#### Aim of the task:
The records below must be output exactly, without pictures.

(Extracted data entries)

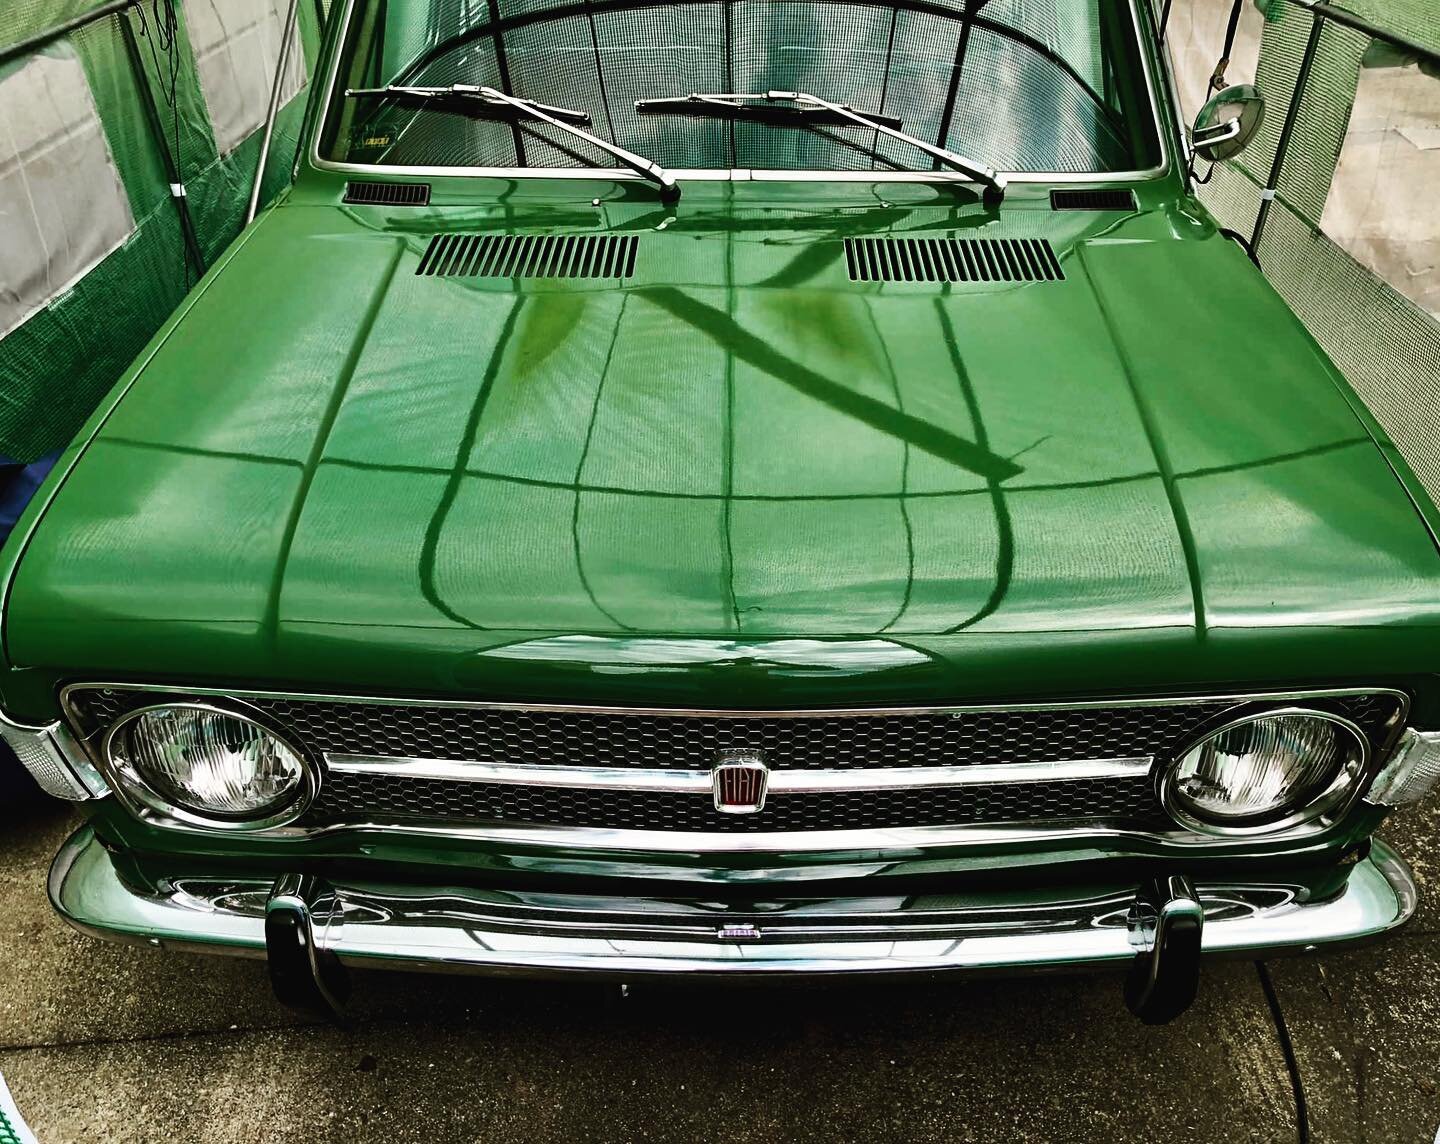 Fiat 128 berlina 1971 4porte
RestMod now
Lavoro in corso 

#fiatlovers  #italiancarsarebetter🇮🇹 #fiat128 #箱車 #レストア #旧車 #カーデザイン #cardesign #carlifestyle #イタリア車
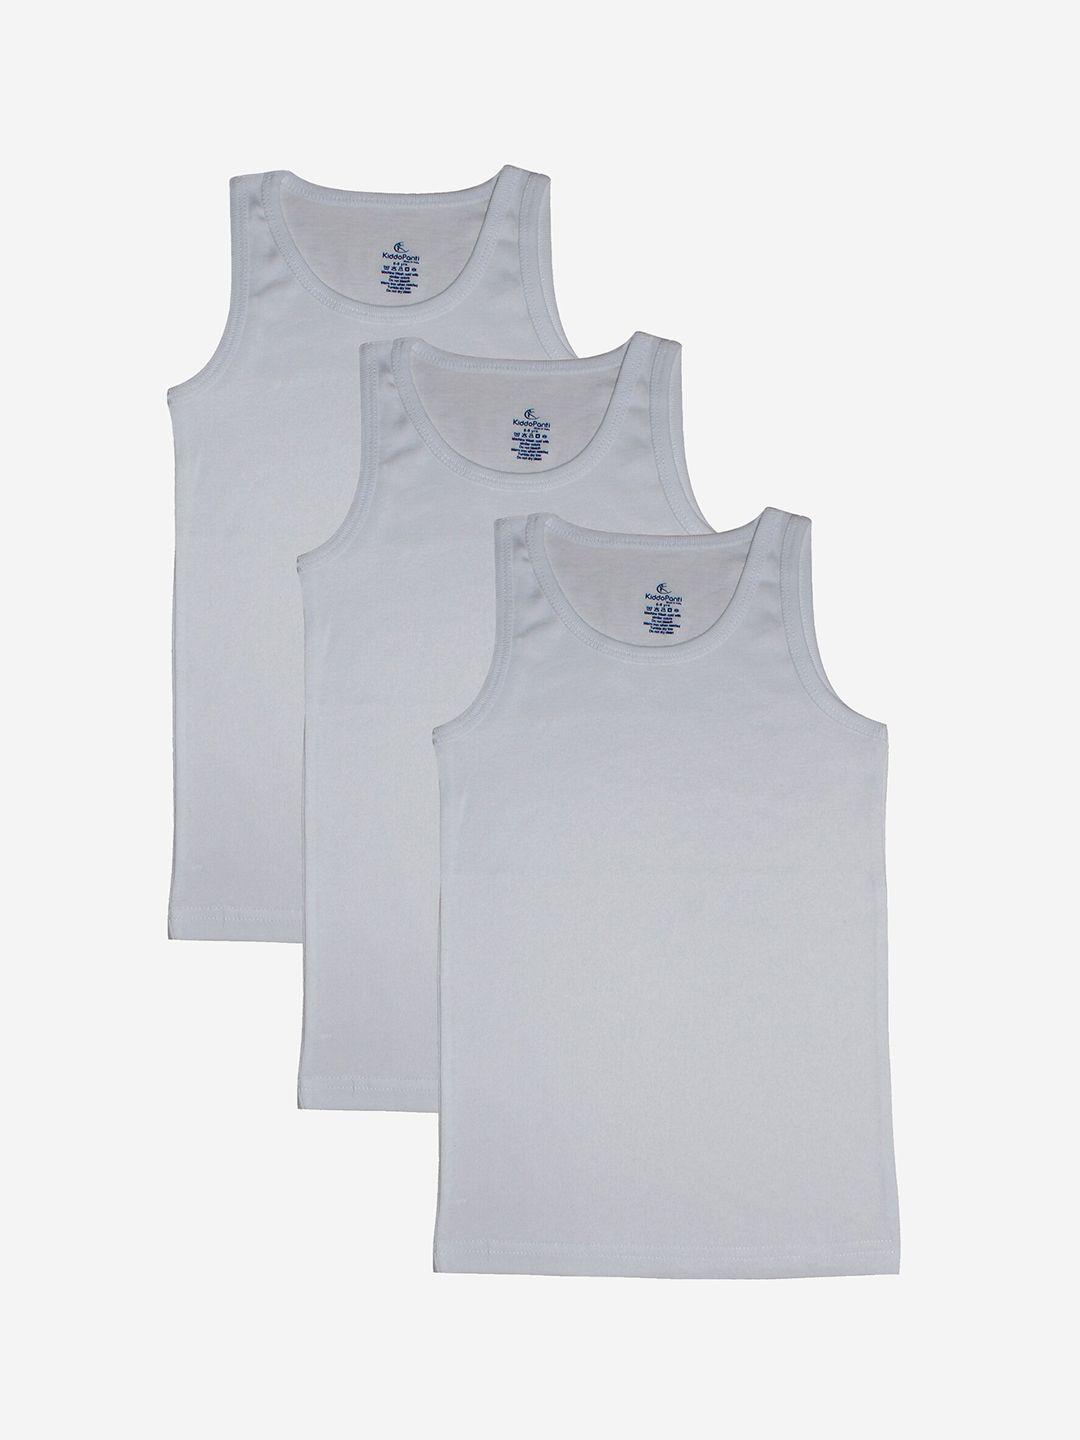 kiddopanti boys white pack of 3 solid innerwear vests

#### Written solution:
 Fiat 128 berlina 1971 4porte
RestMod now
Lavoro in corso 

#fiatlovers  #italiancarsarebetter🇮🇹 #fiat128 #箱車 #レストア #旧車 #カーデザイン #cardesign #carlifestyle #イタリア車
 kiddopanti boys white pack of 3 solid innerwear vests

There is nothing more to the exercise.